Defendant insists that the court erred in permitting plaintiff upon two occasions to exhibit to the jury the clothing that she wore at the time she received the injuries. It is claimed that this exhibition was for the purpose of prejudicing the jury; that there could have been no proper purpose in the exhibition for the reason that plaintiff had testified that she had bled freely and no one had denied her testimony as to the fact of bleeding or the location of the wounds. It is true that plaintiff had described the extent of her bleeding but it is not true that at the first time the clothing was produced before the jury there was any intimation on the part of the defendant that it was admitting anything as to the wounds or their bleeding, or, in fact, that she had been injured at all. On the contrary while all of the injuries testified to by plaintiff at the trial, including the profuse bleeding, were pleaded in the petition, the answer was a general denial and nothing *Page 540 had appeared at the time of the first exhibition indicating that defendant was not denying everything, including the occurrence itself. In the objection made to their exhibition to the jury, it was not intimated that defendant was not standing on everything implied by the filing of the general denial. There were no admissions whatever made by the defendant at the time of the occurrence of which complaint is made.

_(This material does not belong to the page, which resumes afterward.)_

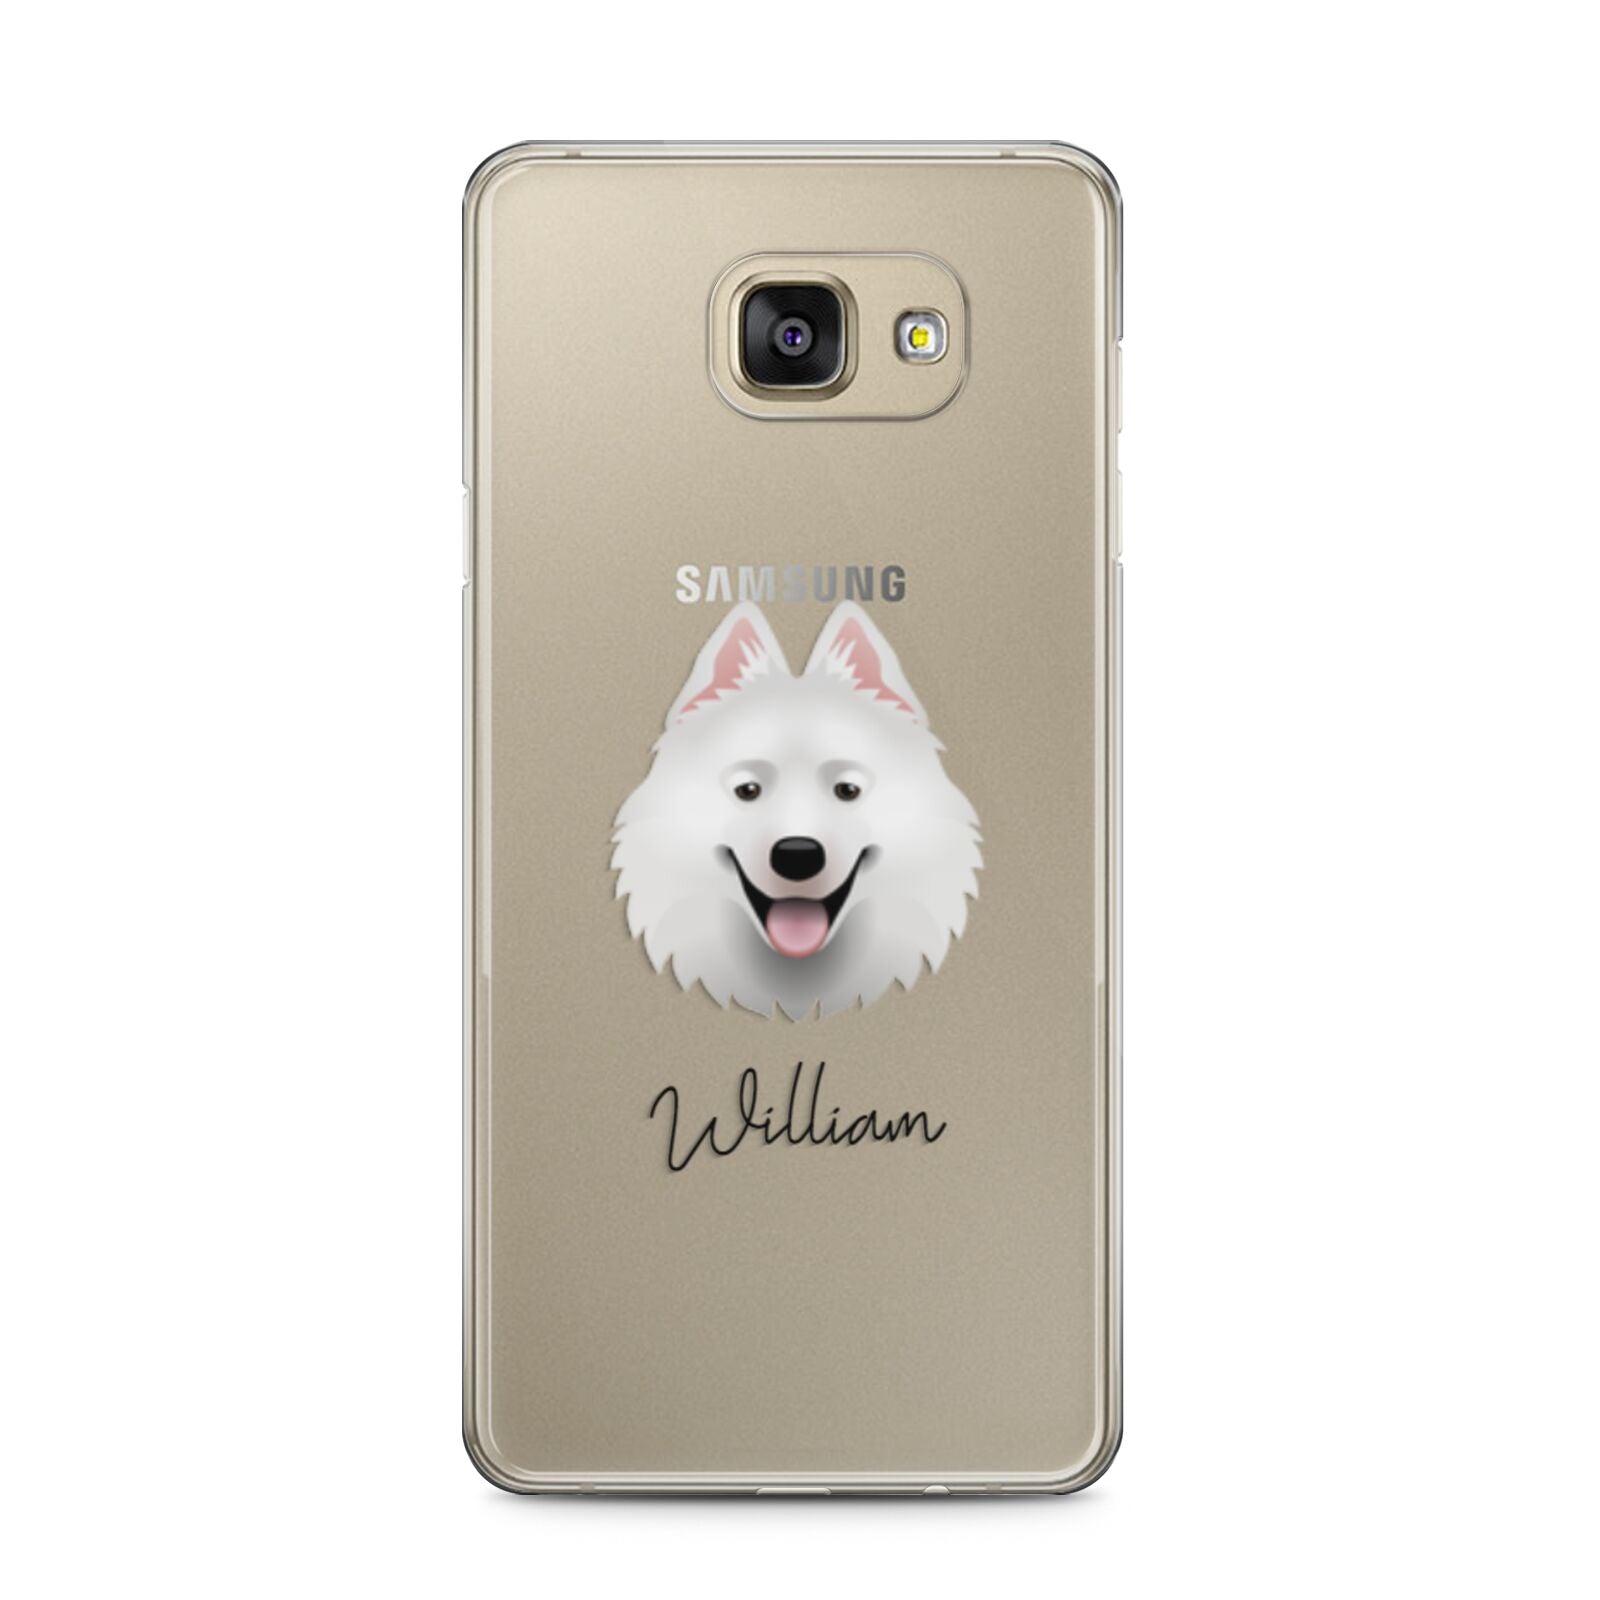 Samoyed Personalised Samsung Galaxy A5 2016 Case on gold phone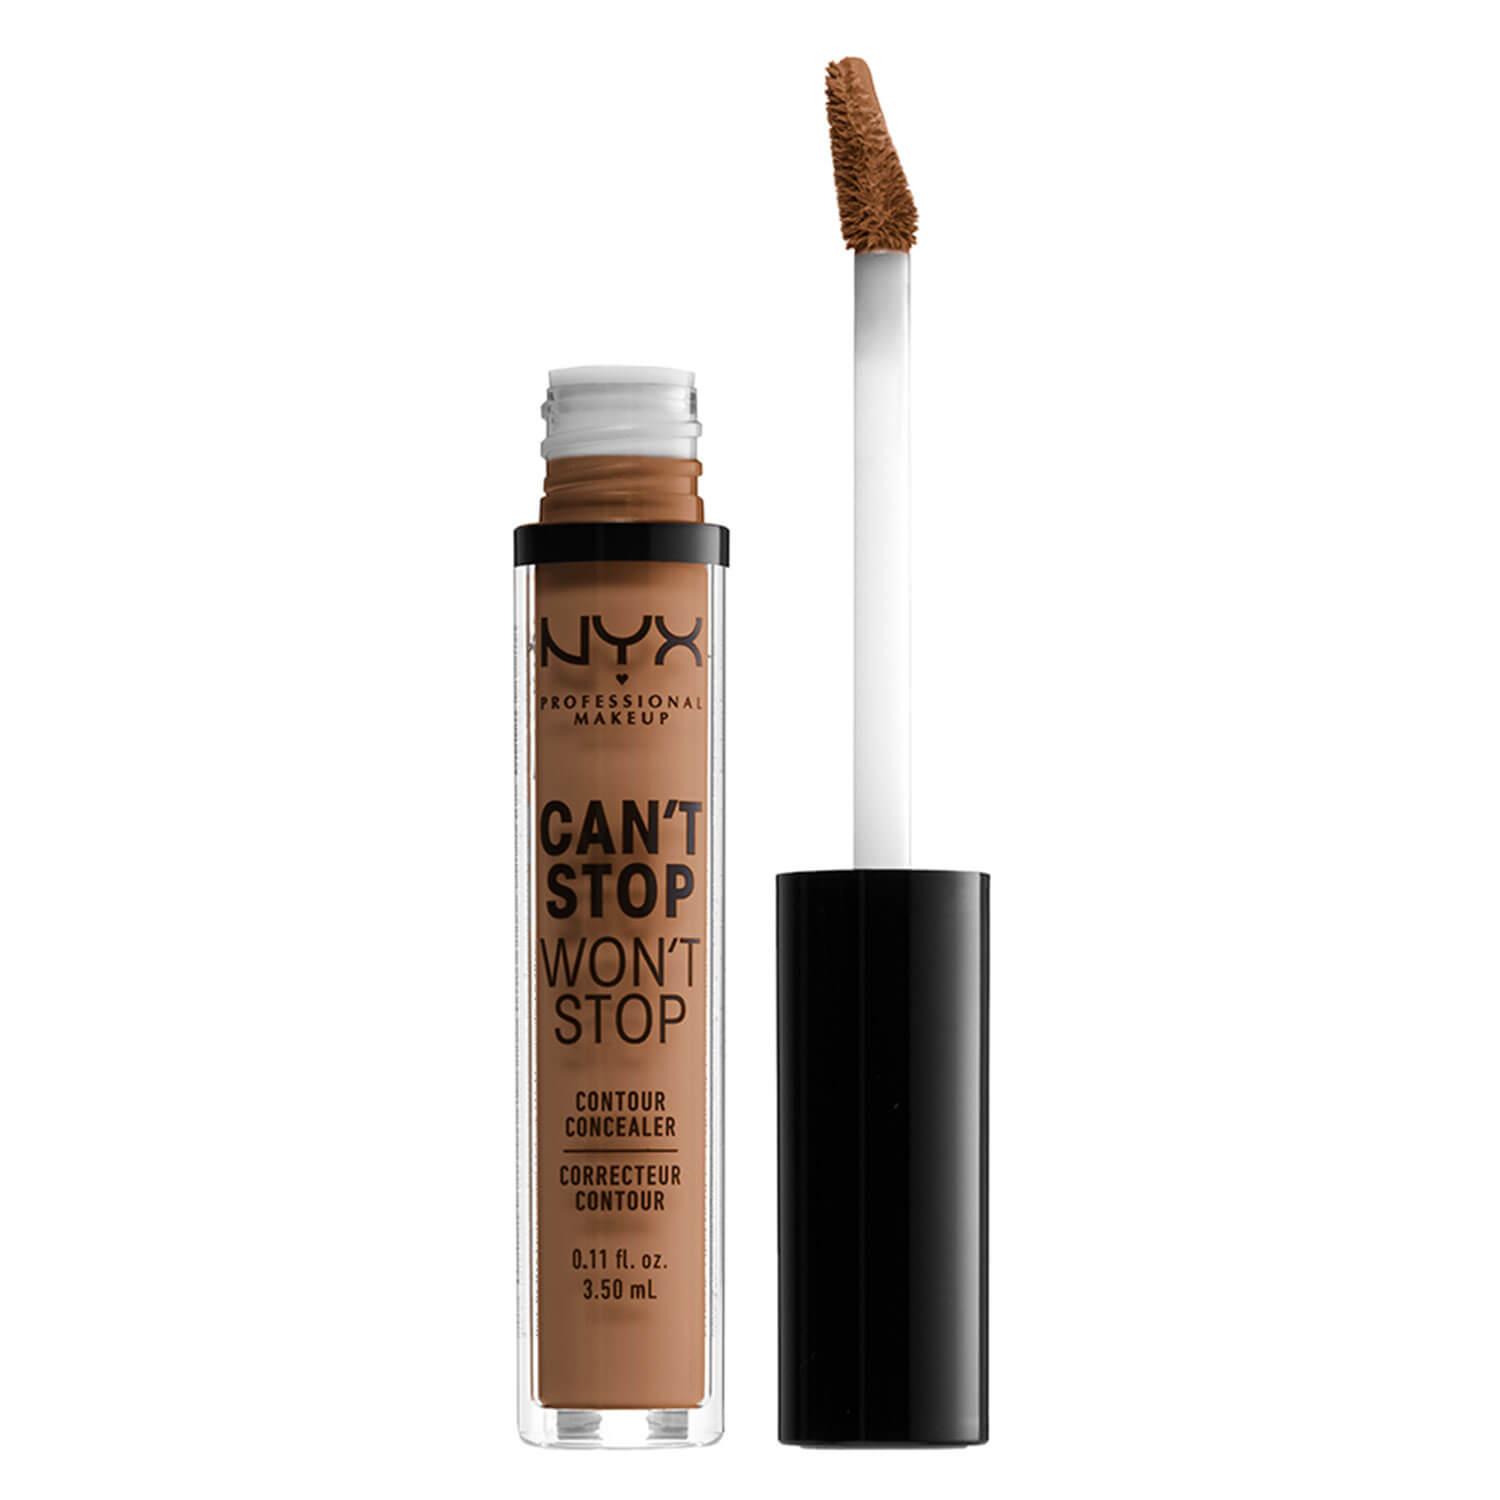 Can't Stop Won't Stop - Contour Concealer Mahogany

The clothing bore the cuts made by the triangular piece of glass and the size of the glass is not disclosed in the record. The glass must have penetrated through the clothing. Aside from the fact that the clothing showed that plaintiff bled profusely, the rent in the clothing tended to show the size of the glass and, with the thickness of the clothing, was some evidence as to the force of the penetration. Of course, under the circumstances, there is no question but that the court did not abuse its discretion in permitting the clothing to be exhibited to the jury even though plaintiff had described the manner in which she bled, and notwithstanding it may have had a tendency to inflame and prejudice the jury. [Keen v. Railroad,
When the clothing was produced before the jury the second time it was not directly exhibited to the jury but was produced in connection with the cross-examination of one of defendant's physicians. This doctor testified that he was called by Dr. Rothwell and attended plaintiff in the latter's office shortly after she was injured as well as at the hospital where she remained for about a week. The wounds were sewed up when this physician first saw plaintiff and he would not testify as to how deep they were but notwithstanding this he stated that plaintiff's injuries consisted merely of skin wounds while plaintiff's evidence tended to show that she sustained much more serious injuries, as will hereinafter be shown. He testified that all skin wounds bled freely. The clothing, over defendant's objection, was then exhibited to the doctor and he was asked —
"Q. Was this woman — you say this injury she had, the wounds, were of such slight character as she bled as appears on this clothing here? A. I didn't say anything about it. Q. I believe you said even slight wounds bleed — slight wounds like that? A. I said slight skin wounds bleed. Q. And would you say slight wounds bleed like that, doctor? A. A little red blood on a white surface shows up mighty plain. Q. Let's see, doctor, about this specific clothing? A. I don't know how much blood is on there — I can see some blood."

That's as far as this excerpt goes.